Implementation details

use an embedding dimension of 64 for the spatial coordinates before using as input to the LSTM
set the spatial pooling size $N_o = 32$
$8 \times 8$ sum pooling window size without overlaps
fixed hidden-state dimension of 128 for all the LSTM models.
using an embedding layer with ReLU on top of the pooled hidden-state features, before using them for calculting the hidden state tensor $H_i^t$
hyper-parameters were chosed on cross-validation on a synthetic dataset
This synthetic was generated using a simulation that implemented the social forces model, containing trajectories for hundreds of scenes with an average crowd density of 30 per frame.
learning rate = 0.003 and RMS-prop for training the model
Trained on a single GPU with Theano implementation

Experiments

Human-trajectory datasets

ETH and UCY
Report the prediction error with threedifferent metrics
1. Average displacement error - The mean square error(MSE) over all estimated points of a trajectory and the true points.
2. Final displacement error - The distance between the predicted final destination and the true final distination and the true final destination at the end of the prediction period $T_{pred}$
3. Average non-linear displacement error - This is the MSE at the non-linear regions of a trajectory.
Leave-one-out approach

Train and validate this model on 4 sets and test on the remaining set.

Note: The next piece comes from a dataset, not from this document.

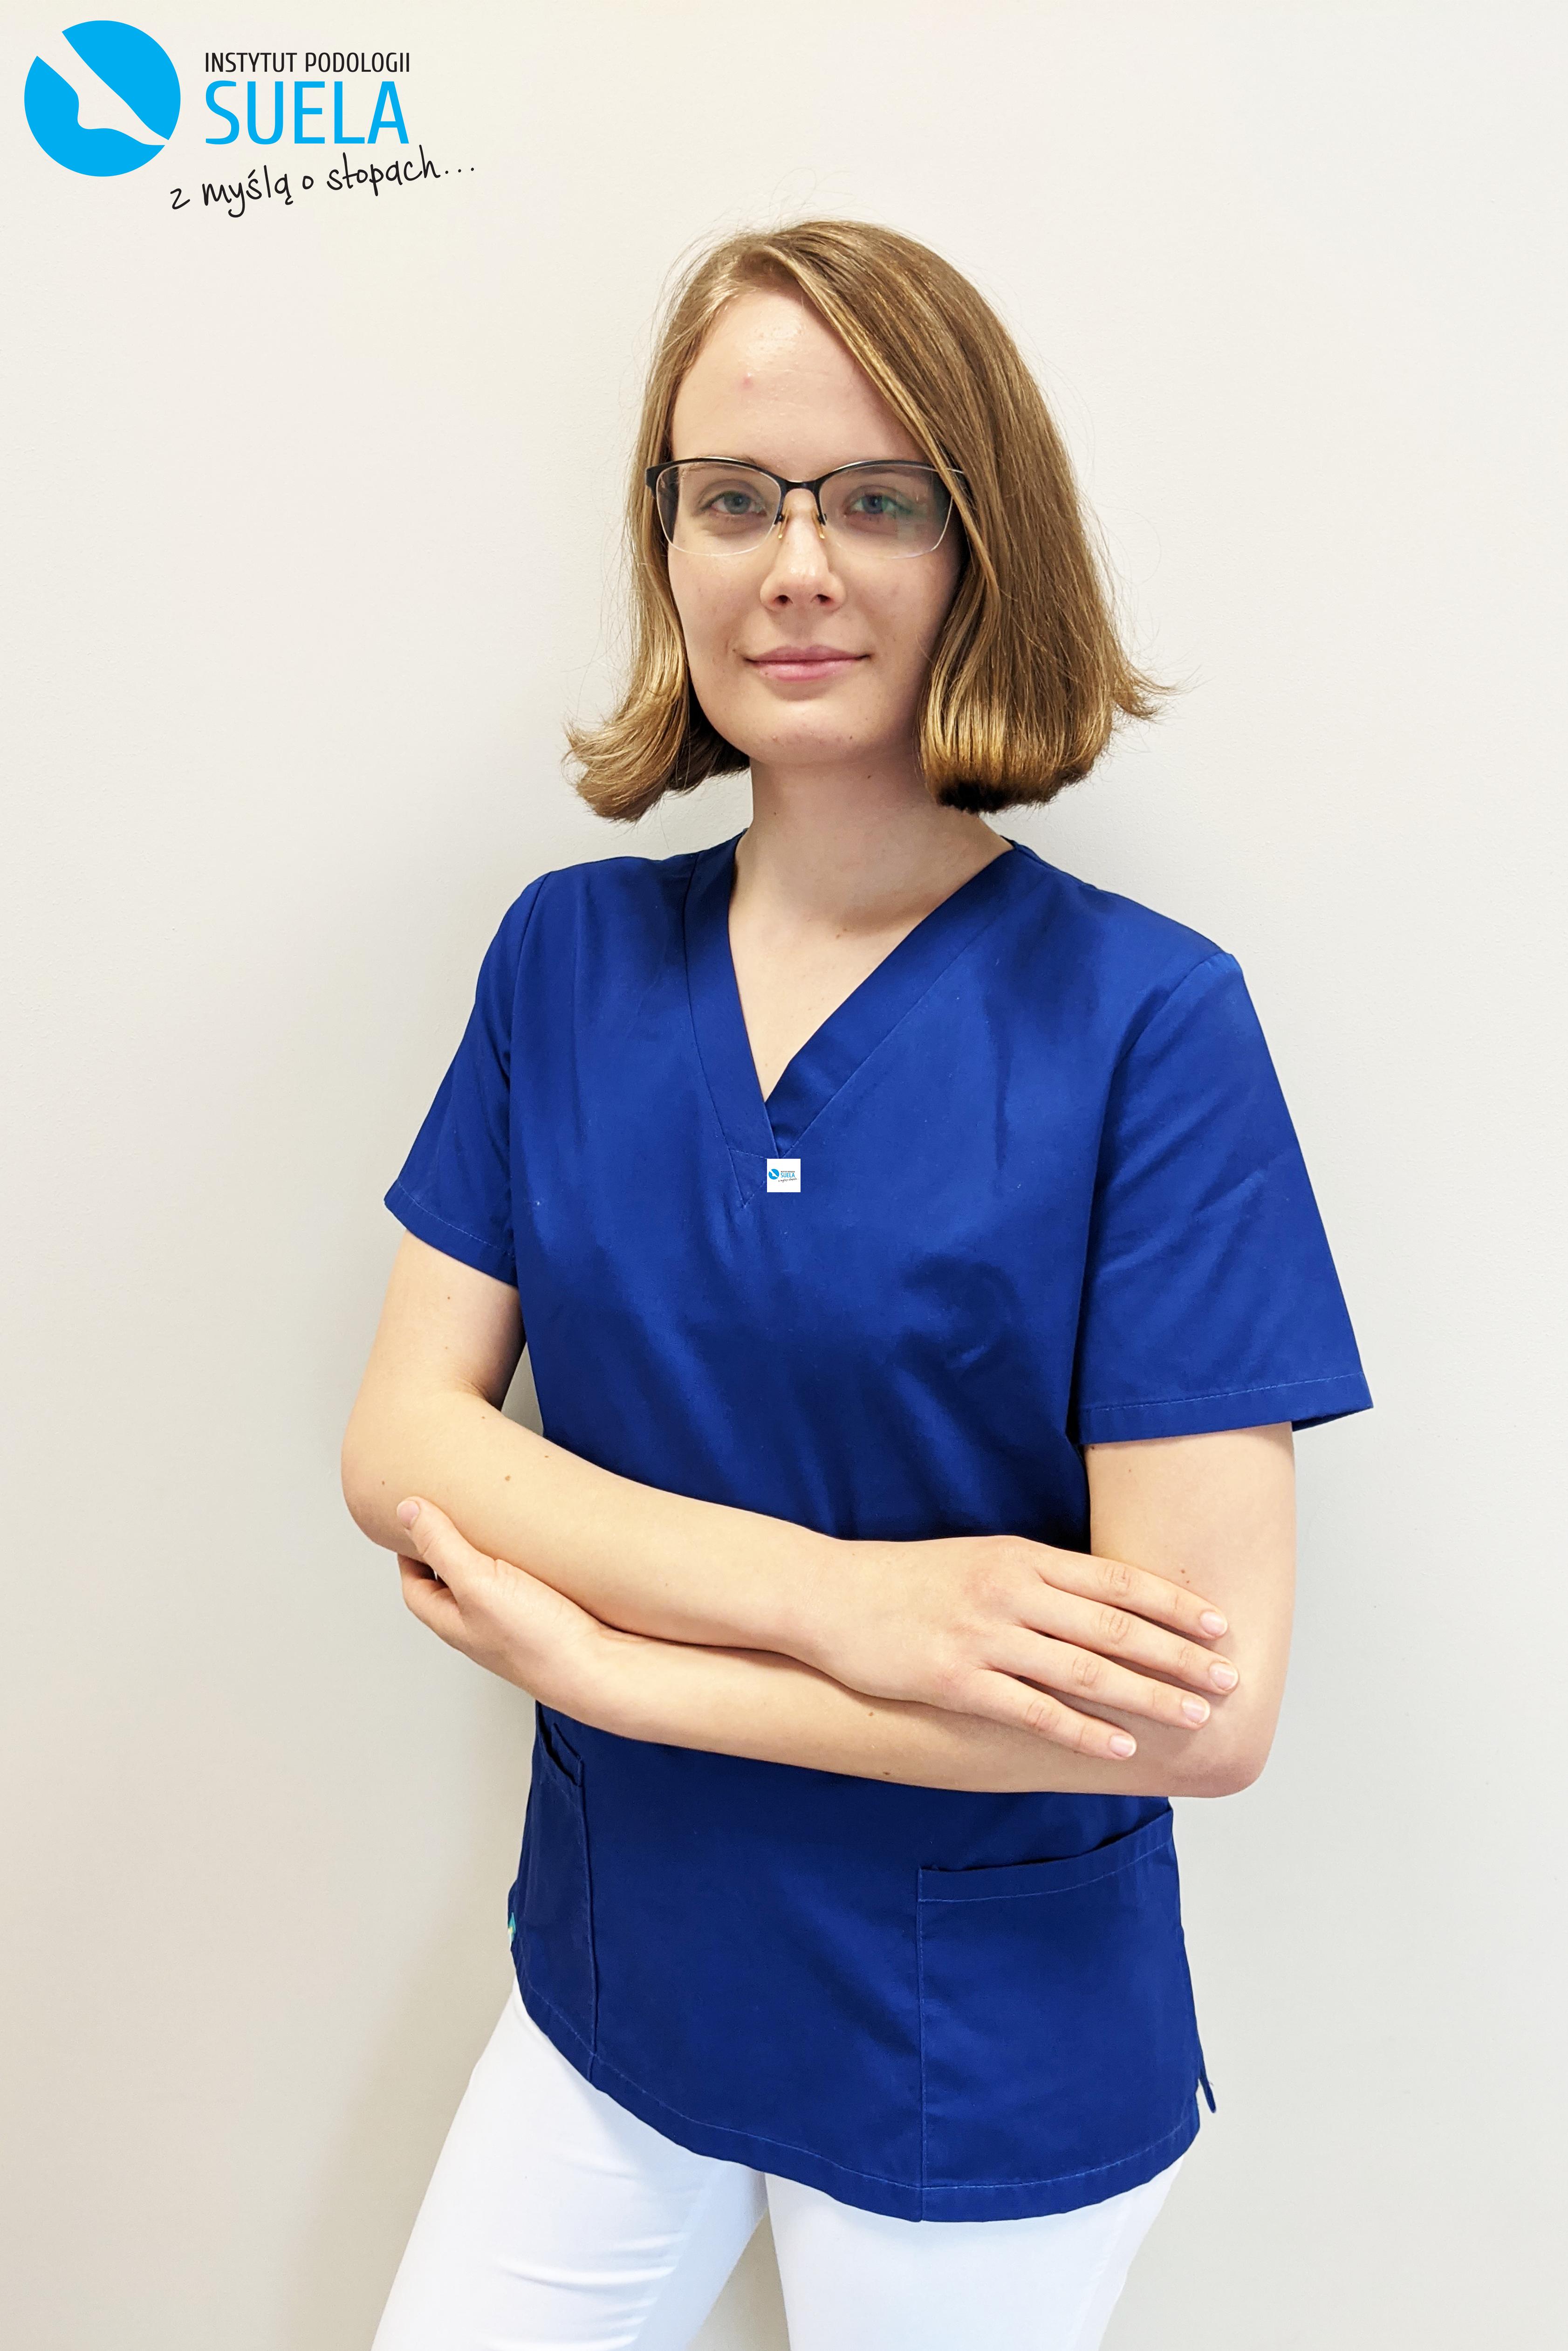 Katarzyna Sury

Repeat this for all the 5 sets.
Test

Observe a trajectory for $3.2 secs$ and predict their paths for the next $4.8secs$ .
At a frame rate of 0.4, this corresponds to observe 8 frames and predicting for the next 12 frames.
Comparation
- Linear model
- Collision avoidance
- Social force
- Iterative Gaussian Process
- Our vanilla LSTM
- our LSTM with occupancy maps

Vanilla LSTM outperforms this linear basline since it can extrapolate non-linear cuives. However, this simple LSTM is noticeably worse than the Social Force and IGP models which explicitly model human-human interactions.

Social pooling based LSTM and O-LSTM outperfor the heavily engineered Social Force and IGP models in almost all datasets.

THe IGP model which knows the true final destination during testing achieves lower errors in parts of this dataset.

Social-LSTM ouperforms O-LSTM in the more crowed UCY datasets which shows the advantage of pooling the entire hidden state to capture complex interactions in dense crowds.

Conclusions

Use one LSTM for each trajectory and share the information between the LSTMs through the introduction of a new Social pooling layer. We refer to the resulting model as the "Social" LSTM.

In addition, human-space interaction can be modeled in our framework by including the local static-scene image as an additional input to the LSTM. This could allow jointly modeling of human-human and human-space interactions in the same framework.